Smontare luoghi comuni: il “manuale” della Fondazione con in Sud

Le illustrazioni richiamano quelle del noto marchio svedese di arredamento, ma stavolta servono per ribaltare i più comuni stereotipi sul Sud Italia. È l’originale Bilancio di missione 2016 della Fondazione pubblicato in questi giorni. Borgomeo: “L’unico percorso possibile di sviluppo parte dalla coesione sociale, dalla ricerca delle identità comunitarie e la valorizzazione dei beni comuni”.

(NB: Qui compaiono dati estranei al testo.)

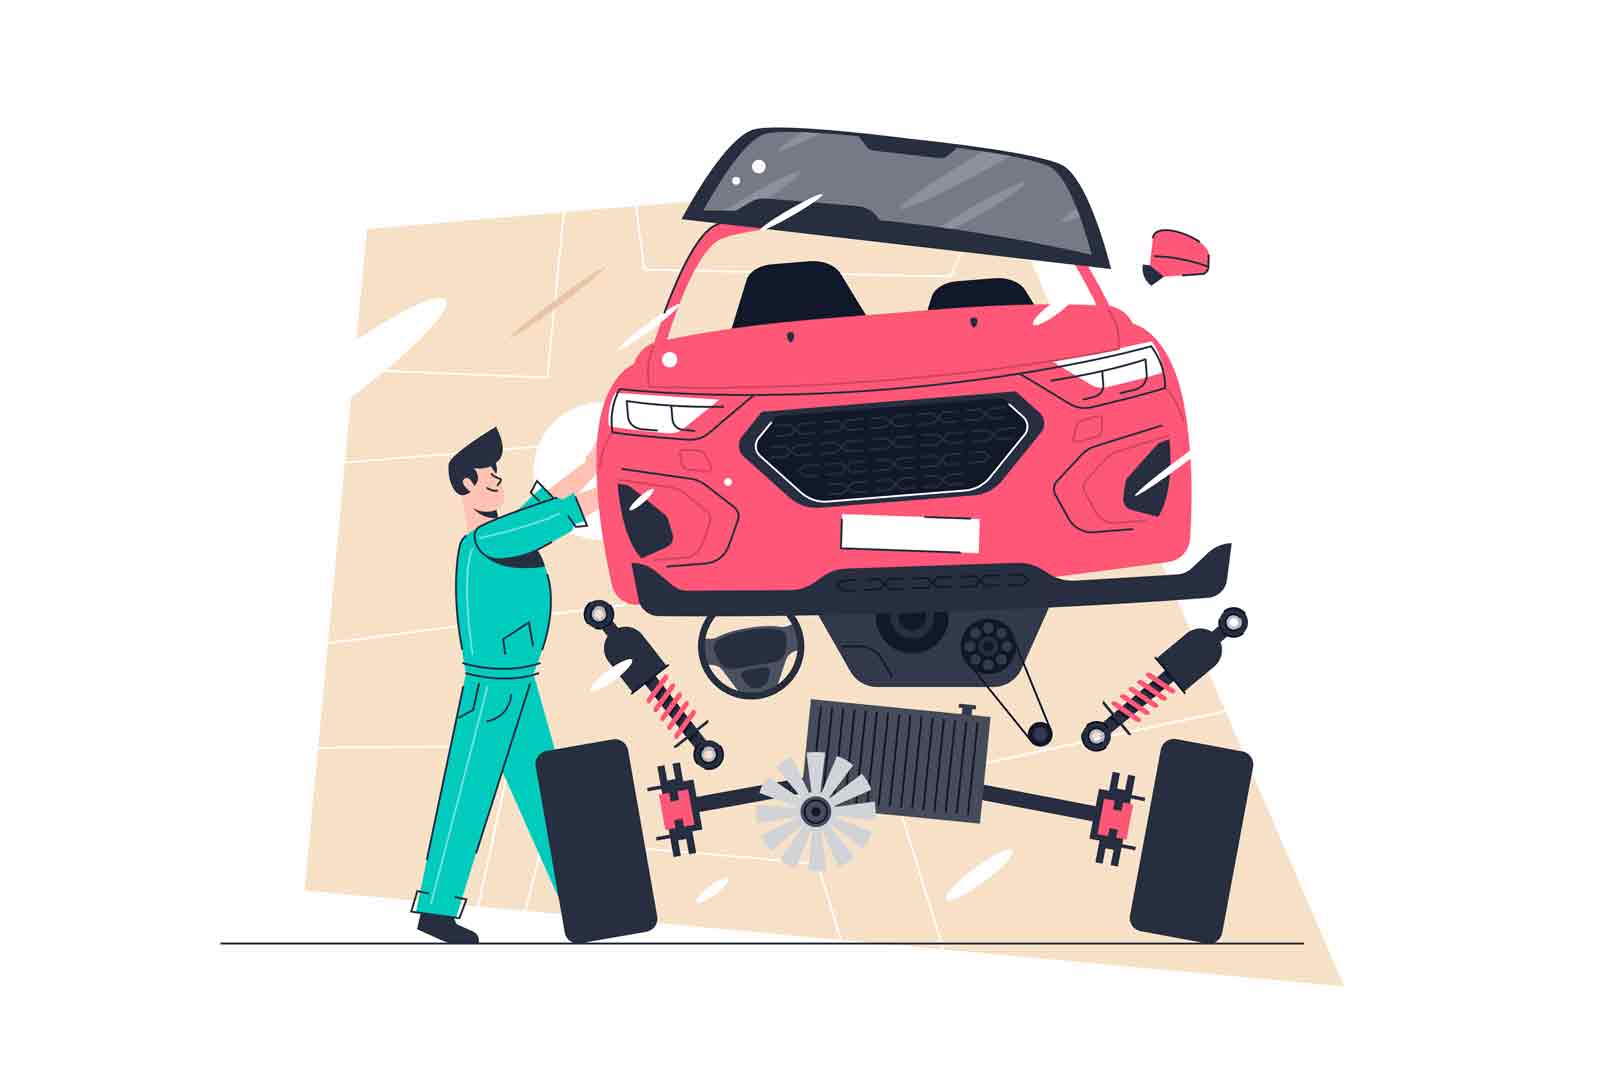 Car repair service, auto diagnostic or maintenance station vector illustration. Automotive technician repairing car in workshop. Auto assembly or disassembly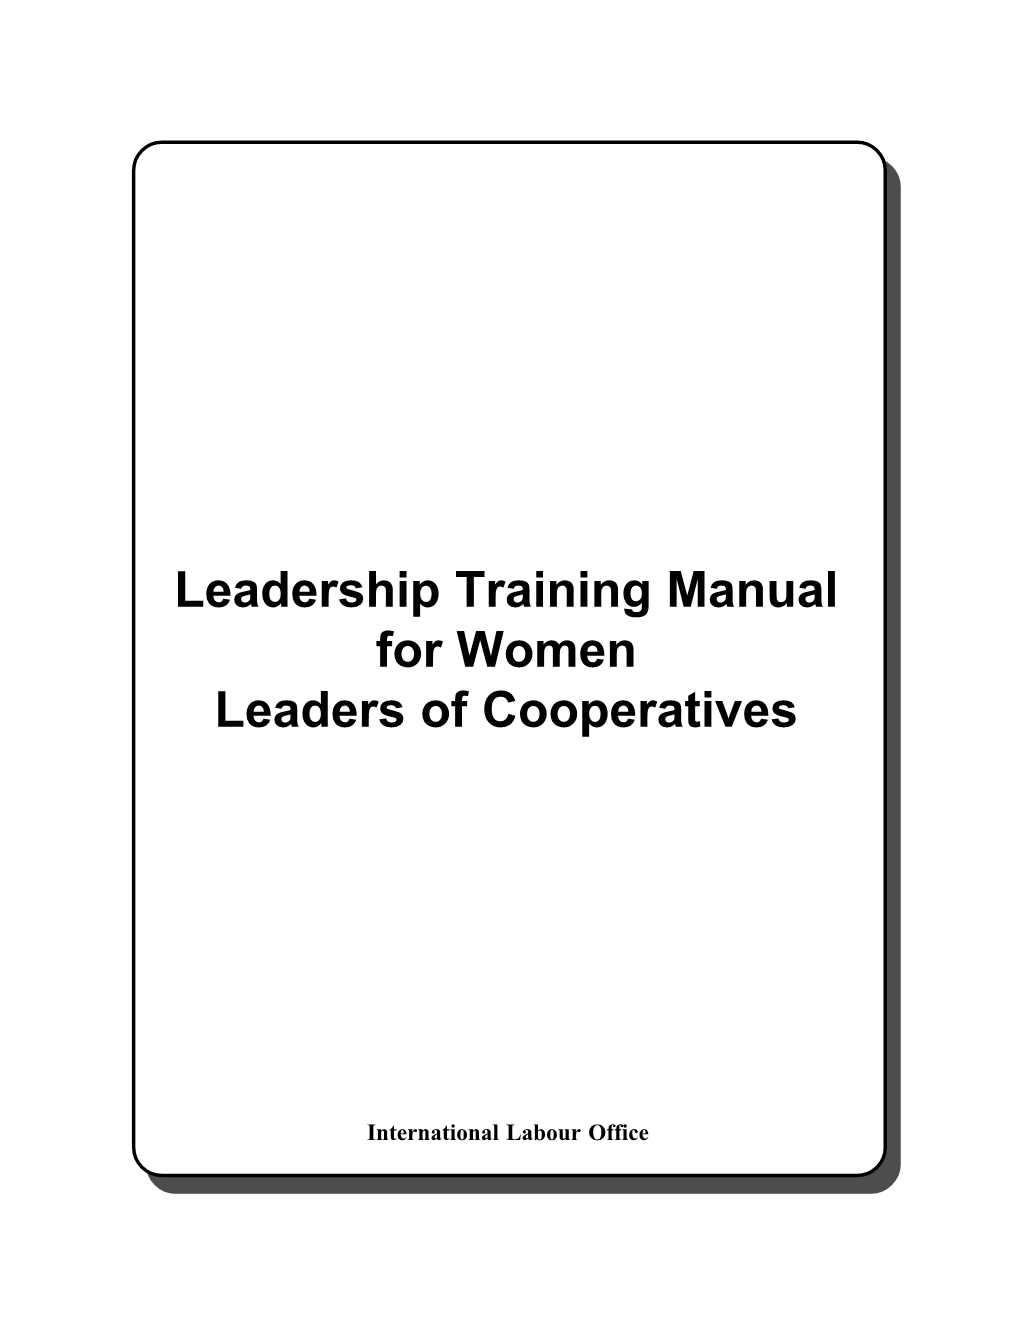 Leadership Training Manual for Women Leaders of Cooperatives

ROMA – Un manuale per smontare i luoghi comuni, con tanto di illustrazioni pratiche e nomi che richiamano il noto marchio svedese di arredamento, ma che in realtà sono termini dialettali propri del Sud. Colpisce ancora una volta per originalità, il Bilancio di missione 2016 del Fondazione con il Sud dal titolo “Smontiamo luoghi comuni”, approvato a maggio di quest’anno e ora online (http://www.bilanciodimissione.it/2016/) in una versione adatta a desktop e dispositivi mobile. Un bilancio che fa anche il punto sui primi dieci anni di attività della Fondazione. “L’intuizione dei Fondatori, Fondazioni di -origine bancaria e rappresentanze del terzo settore e del volontariato, si è dimostrata vincente – spiega Carlo Borgomeo, presidente della Fondazione con il Sud -: puntare all’obiettivo della infrastrutturazione sociale del Mezzogiorno; realizzare un modello di intervento innovativo che ascoltasse e premiasse la domanda tramutando la competizione tra soggetti, rispetto a possibili finanziamenti, in una costante promozione della cultura e della prassi di rete; non assecondare mai una logica di “vittimismo” rivendicativo, si sono dimostrati obiettivi perseguibili, pur tra molte difficoltà e qualche contraddizione”. Dieci anni di bandi che hanno sostenuto progetti e storie positive “sempre più numerose e meno eccezionali”, continua Borgomeo, che testimoniano come in molti territori “l’unico percorso possibile di sviluppo sia quello che parte dalla coesione sociale, dalla ricerca delle identità comunitarie, anche attraverso la valorizzazione di beni comuni – aggiunge -. Oltre mille progetti (di cui 183 nel 2016), cinque Fondazioni di Comunità, centinaia di giornate di formazione rivolte a responsabili e quadri del terzo settore meridionale, costituiscono un patrimonio ancora insufficiente in termini quantitativi, ma certamente assai visibile e riconosciuto nei territori”. Solo nel 2016, inoltre, sono stati erogati 23 milioni di euro e sono stati conclusi tre bandi sul volontariato, il bando socio-sanitario, il bando per il capitale umano ad alta qualificazione, mentre sono continuati gli interventi promossi da progetti in “cofinanziamento” e da partenariati istituzionali. Un impegno che, in questi 10 anni, ha visto erogazioni per un totale di ben 176 milioni di euro.
Un Bilancio di Missione ricco di dati, anticipati da sei tavole che riassumono per immagini stereotipi smontati da dieci anni di iniziative. La prima vignetta si intitola SÒTTËNCOPPA e smonta il primo luogo comune: “Lo sviluppo viene dall’alto”. Con oltre 6 mila organizzazioni e più di 280 mila cittadini coinvolti nelle più di mille iniziative in questi dieci anni “abbiamo sostenuto soprattutto la fiducia, il coraggio, la capacità di fare rete, la sperimentazione nei territori – spiega la Fondazione -. In altre parole, abbiamo sostenuto l’idea che lo sviluppo non viene da “altrove” e che non serve “aspettarlo”. Lo sviluppo viene dalle responsabilità dei territori e dalla costruzione di comunità solide e mature”. Ed è così che la Fondazione ha attivato sperimentazioni di sviluppo locale destinando 5 milioni di euro per ogni area. “Attualmente le iniziative interessano i territori di Castelbuono e Isnello nelle Madonie in Sicilia e quelli di Guspini e Arbus in Sardegna – continua il testo -. Il processo di sviluppo che si sperimenta è quello della progettazione partecipata attivando, attraverso le organizzazioni del terzo settore locale, tutti gli attori della comunità avviando un percorso più lento di quello che solitamente siamo abitati a conoscere, ma con risultati concreti duraturi”.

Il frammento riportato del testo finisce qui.